■ Exercise requirements
Return the data that follows exactly as it appears. Pictures do not belong in the copy.

■ Input data
#####
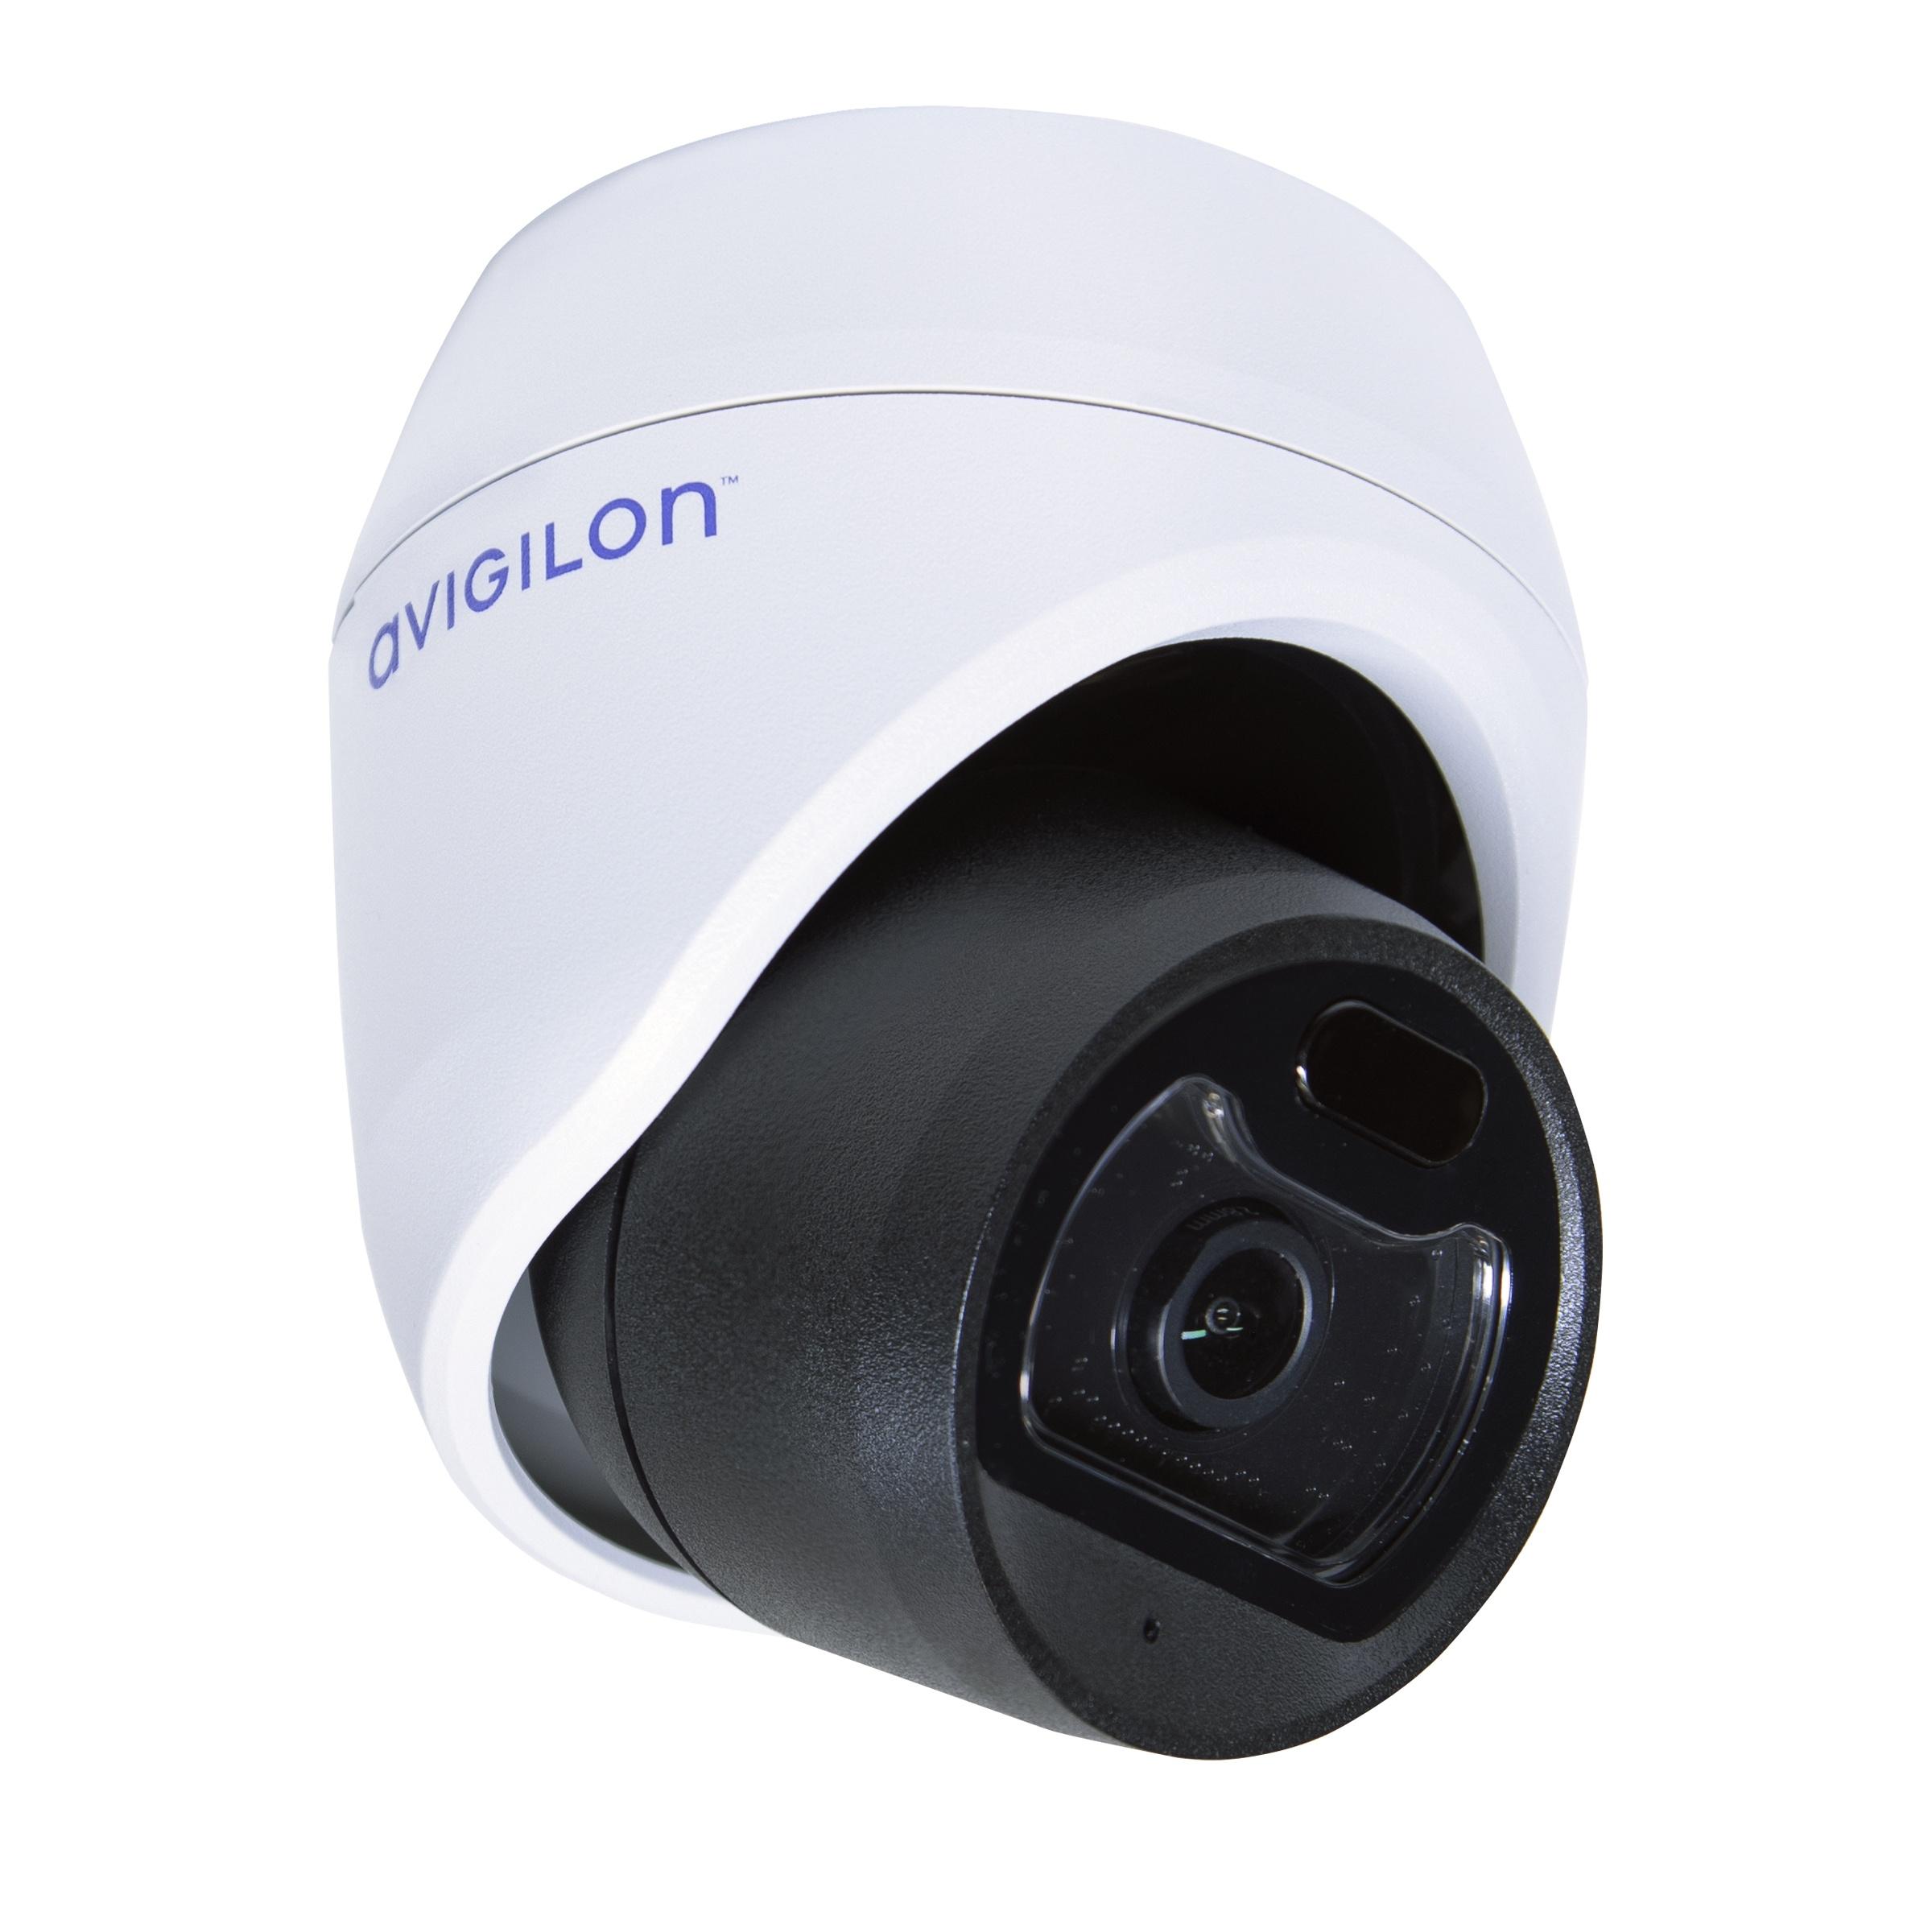 Avigilon H5M Security Camera
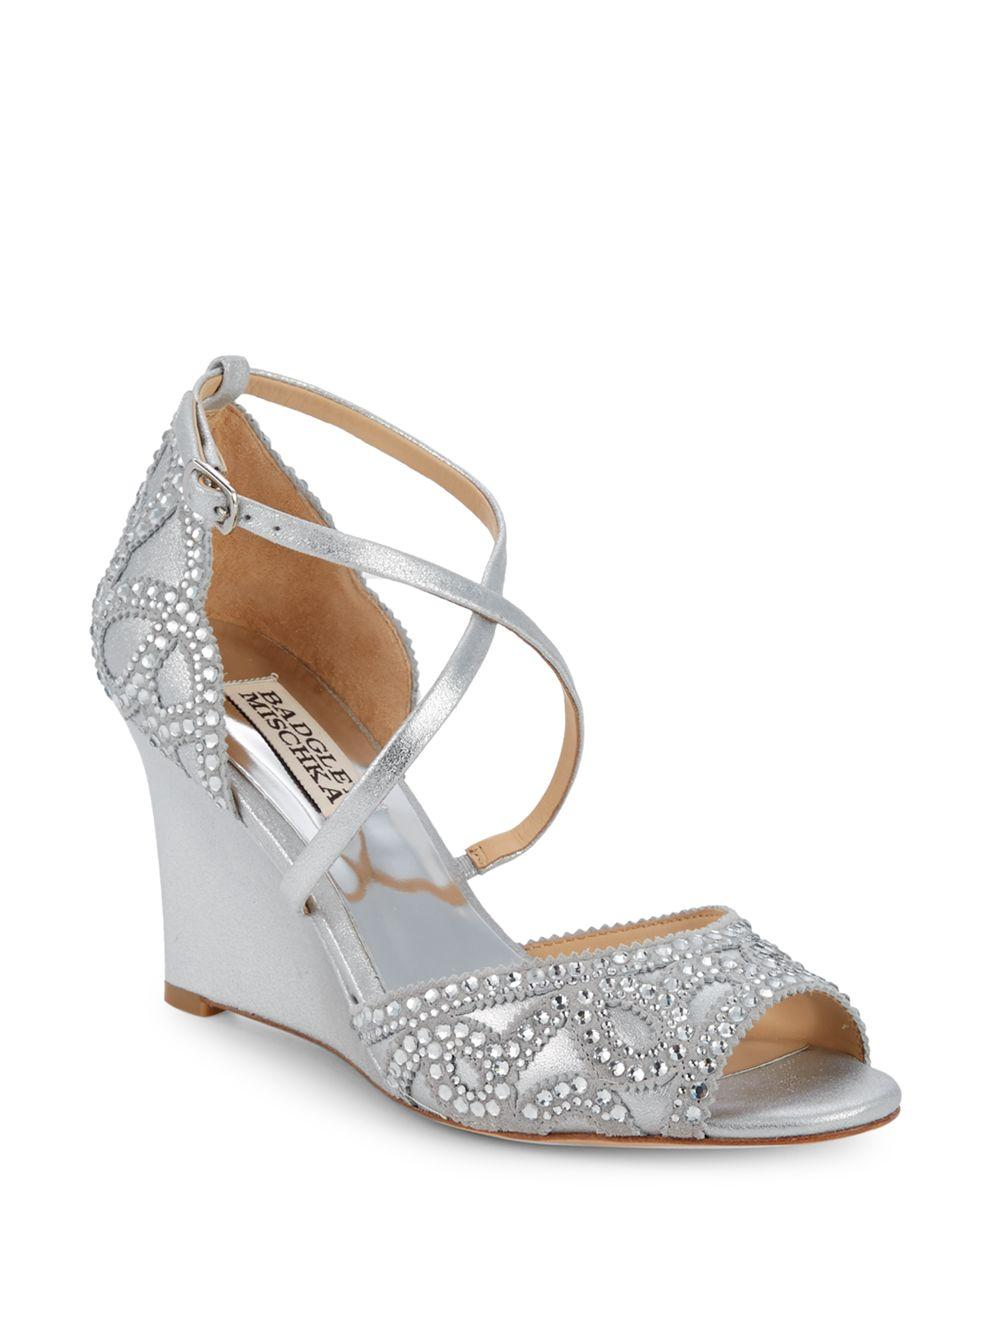 6e59aebe4de Badgley Mischka. Women s Metallic Embellished Leather Wedge Dress Sandals
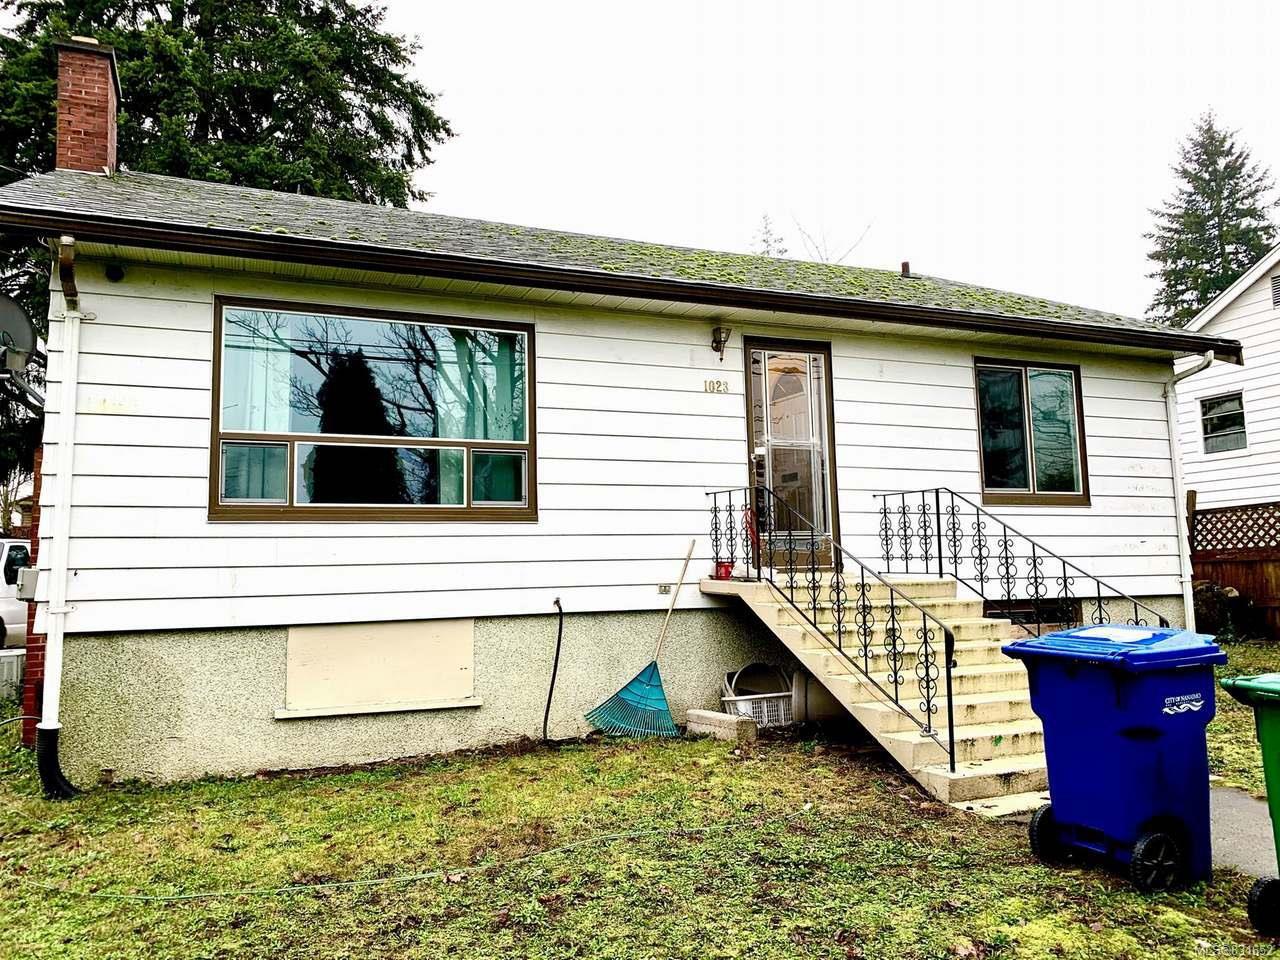 Main Photo: 1023 Dufferin Cres in NANAIMO: Na Central Nanaimo House for sale (Nanaimo)  : MLS®# 831652
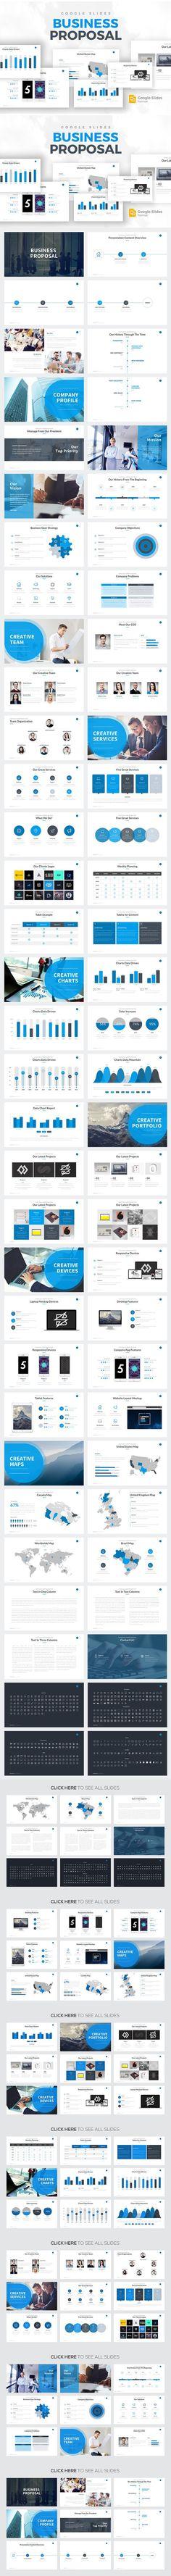 Business Proposal - Google Slides. Business Infographic
#####
■ Result for this exercise
 Avigilon H5M Security Camera
 6e59aebe4de Badgley Mischka. Women s Metallic Embellished Leather Wedge Dress Sandals
 Main Photo: 1023 Dufferin Cres in NANAIMO: Na Central Nanaimo House for sale (Nanaimo)  : MLS®# 831652
 Business Proposal - Google Slides. Business Infographic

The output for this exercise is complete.